Petter Meyer

Personal information
- Date of birth: 21 February 1985 (age 40)
- Place of birth: Kauniainen, Finland
- Height: 1.81 m (5 ft 11 in)
- Position(s): Forward

Team information
- Current team: GrIFK
- Number: 17

Senior career*
- Years: Team / Apps / (Gls)
- 2002–2008: GrIFK / 143 / (94)
- 2009–2010: FF Jaro / 40 / (6)
- 2011: SJK / 27 / (23)
- 2012–: GrIFK / 72 / (52)

= Petter Meyer =

Finnish footballer (born 1985)

Petter Meyer (born 21 February 1985) is a Finnish footballer currently representing GrIFK of the Kakkonen.

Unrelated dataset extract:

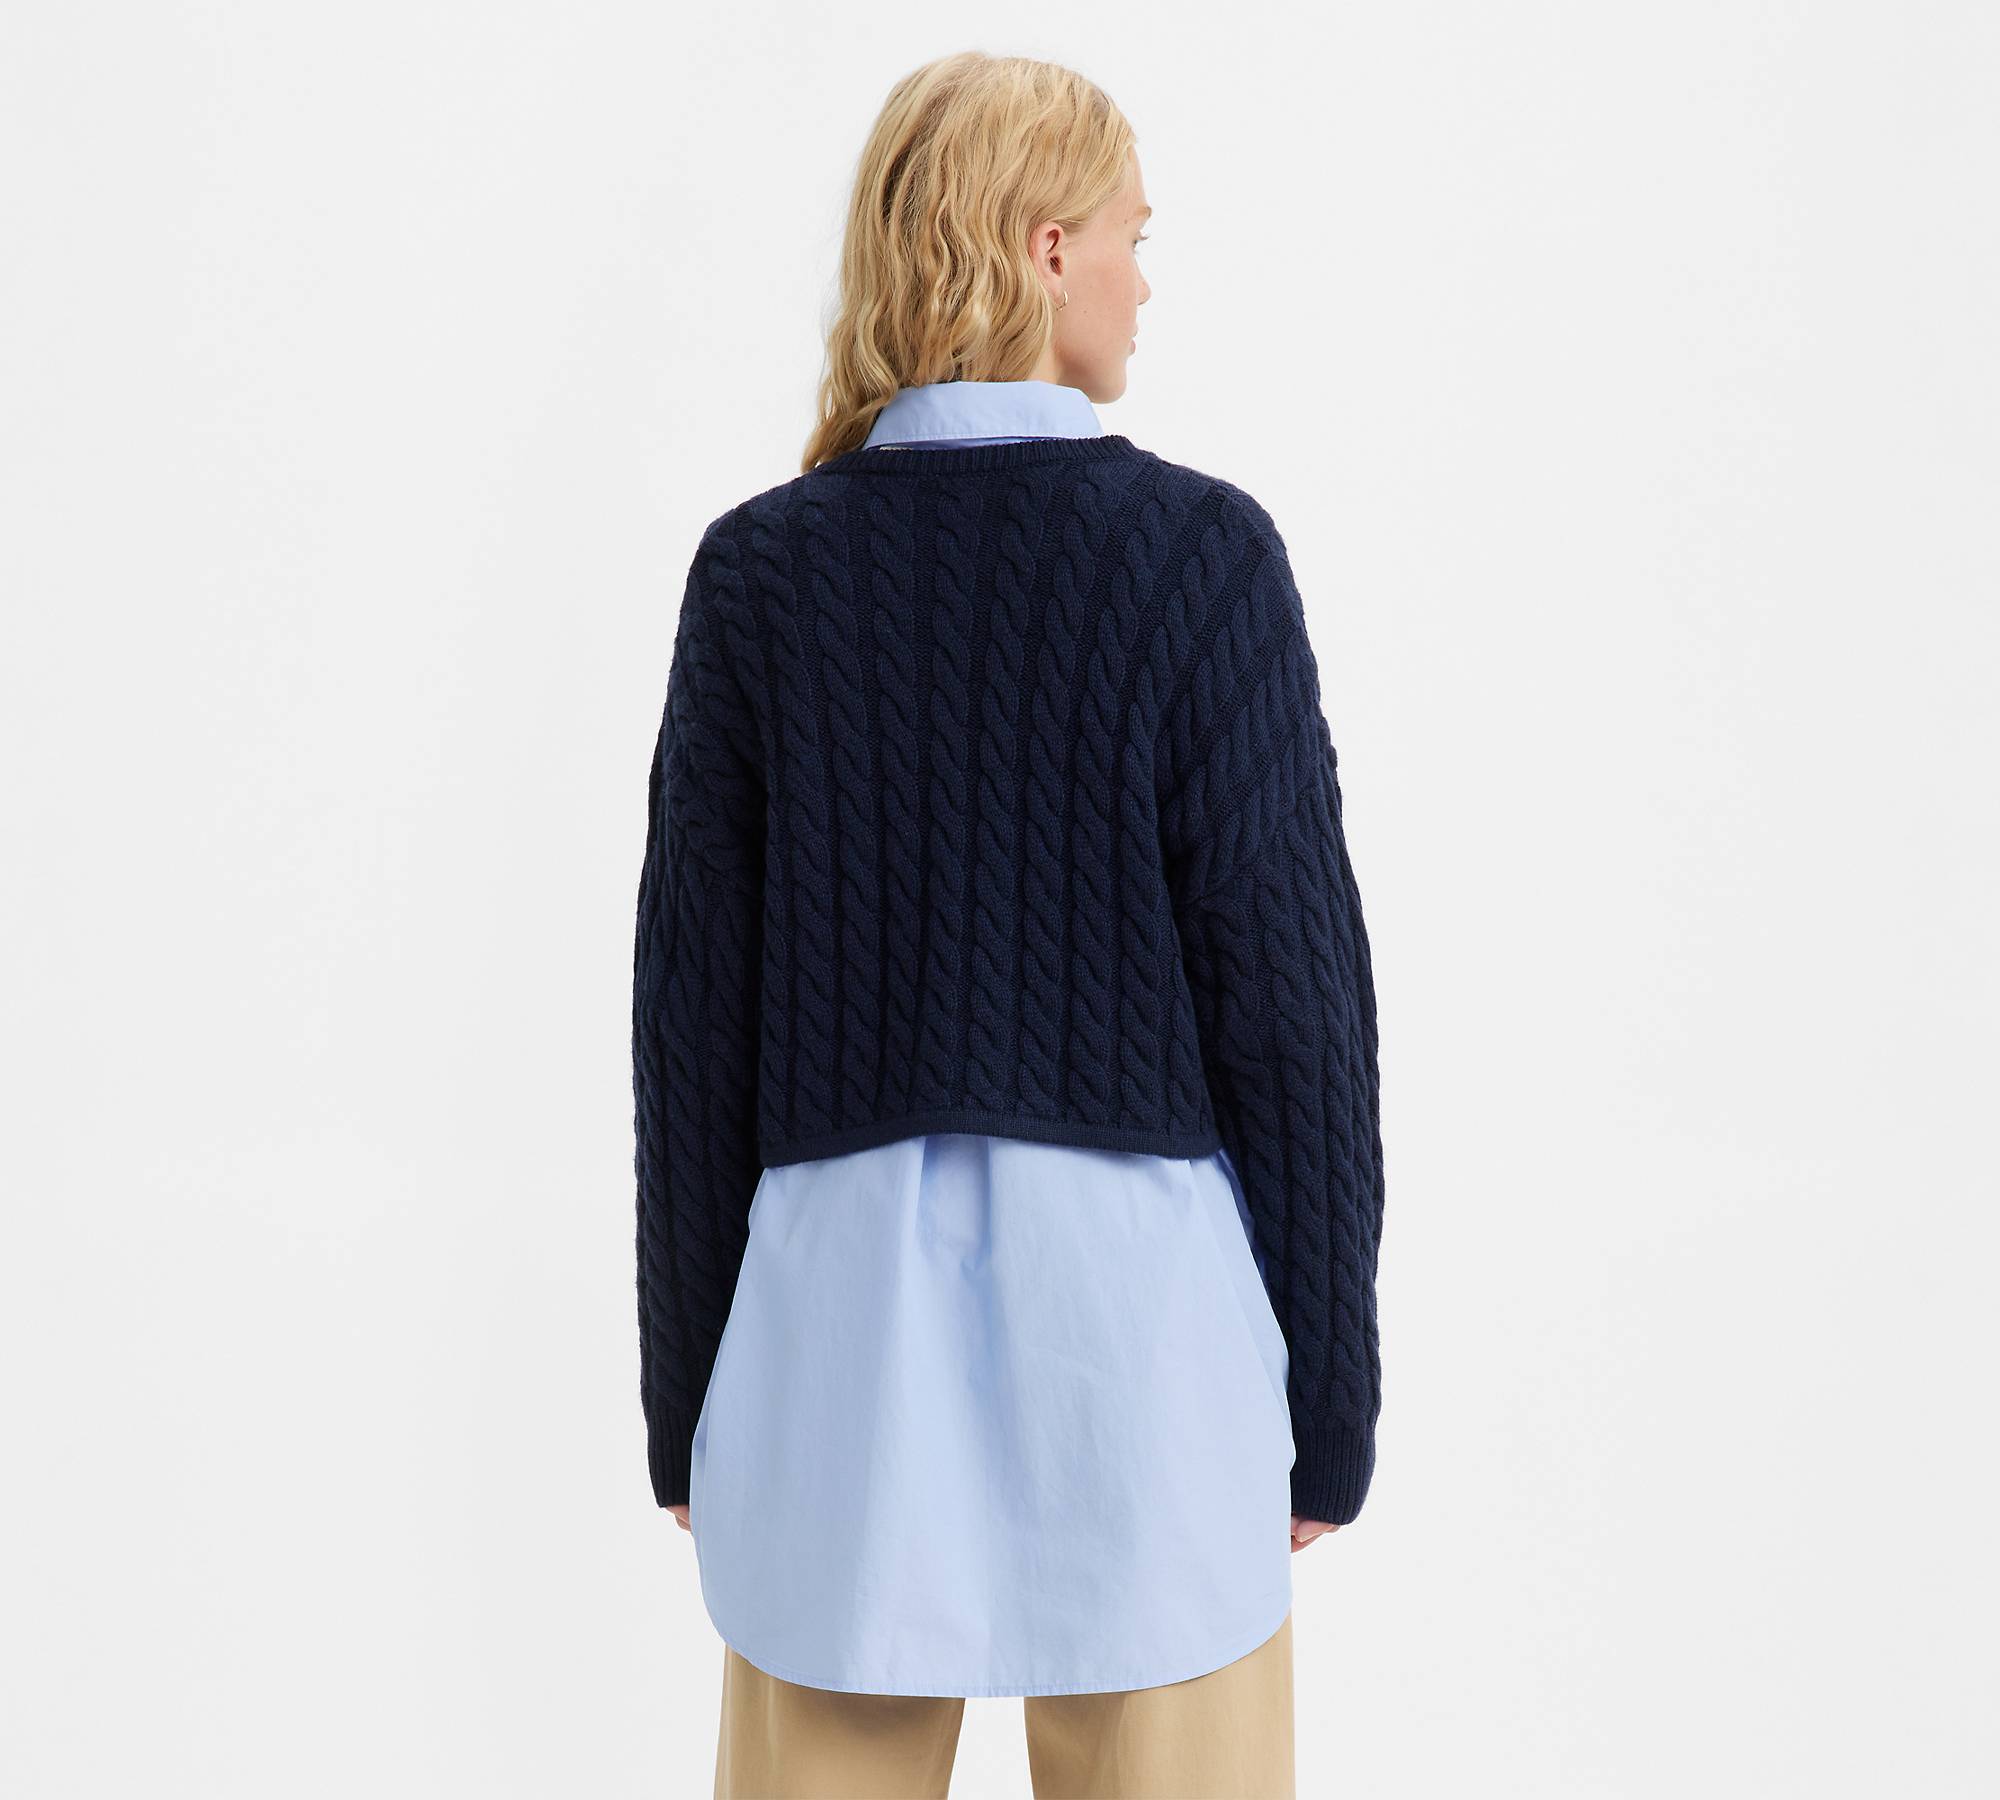 Reproduceren tuin Nadeel Rae Cropped Sweater - Blue | Levi's® US

Meyer was an integral part of the Grankulla IFK team that was promoted to the Finnish First Division in 2007. In 2008, he scored twelve goals for his club, third most in the whole league, which earned him a contract with the top flight side FF Jaro. During the 2009 season, he was the best scorer at FF Jaro in the Premier Division. Meyer suffered from injuries that required surgery during the next season. He wasn't able to feature in Jaro as a first team regular because of this.

In December 2010, Meyer announced that he was joining Thai Port F.C. of the Thai Premier League on a trial.

In January 2011, Meyer announced his commitment to SJK for the 2011 season. The main reason for this was the opportunity to combine football with studies.